CMS Garbage Collection taking too long

Question

One of our customers runs into major performance problems which seem to be caused by long garbage collection runs and I don't know what to do about it...

Java version: 1.7.0_67 JVM args: -Xms10240m -Xmx16386m -XX:NewSize=2048m -XX:MaxPermSize=150m -XX:+UseParNewGC -XX:+UseConcMarkSweepGC -XX:+PrintGCDetails ...

Additional info

The application is our server backend for a web application. The server connects to a SQL database and multiple ERP systems. This data is then processed and sent out to the web clients. This customer in particular has around 50 users world wide that access data via this single server.

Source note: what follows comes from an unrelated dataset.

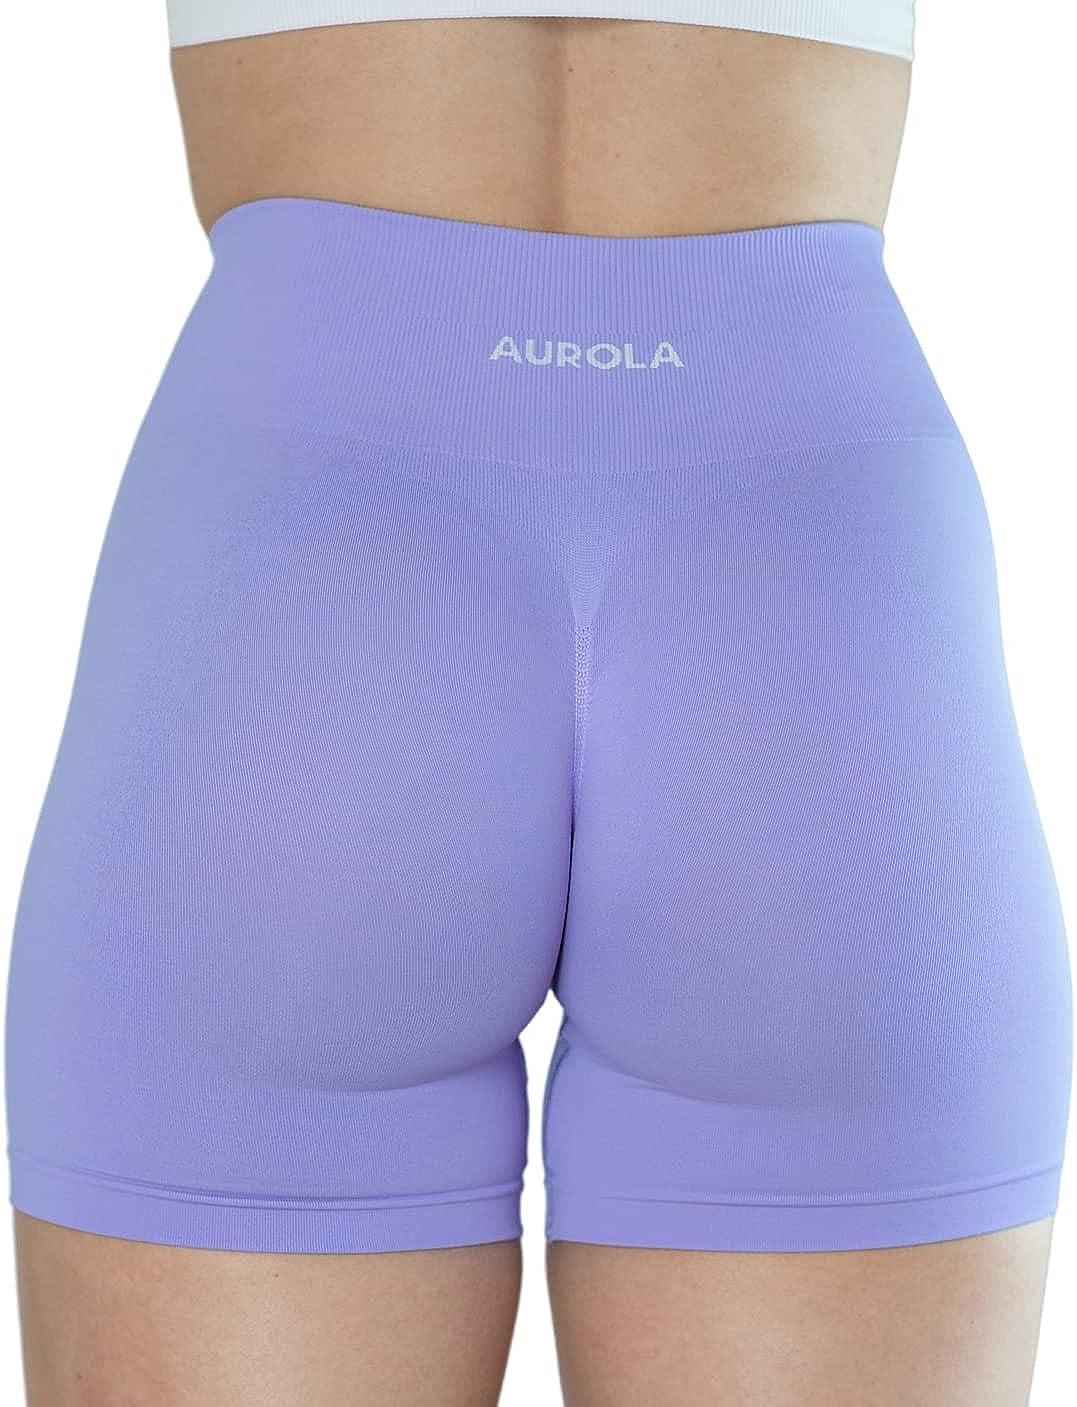 AUROLA Dream Collection Workout Shorts for Women High Waist

OS: Windows Server 2008 R2 Datacenter + SP1
CPU: Xeon E5-2660 (4 Cores + HT)
RAM: 32 GB

What I've tried so far

increased Xmx and Xms (read that Xms should be identical or at least near Xmx for best performance)
tinkered with size of Young Generation (Ratio 1, 2, 3)
increased PermGeneration
tried different GC variants

Here are some parts of the gc log. You can clearly see that gc duration increases over time and peaks at about !!!17 seconds!!!.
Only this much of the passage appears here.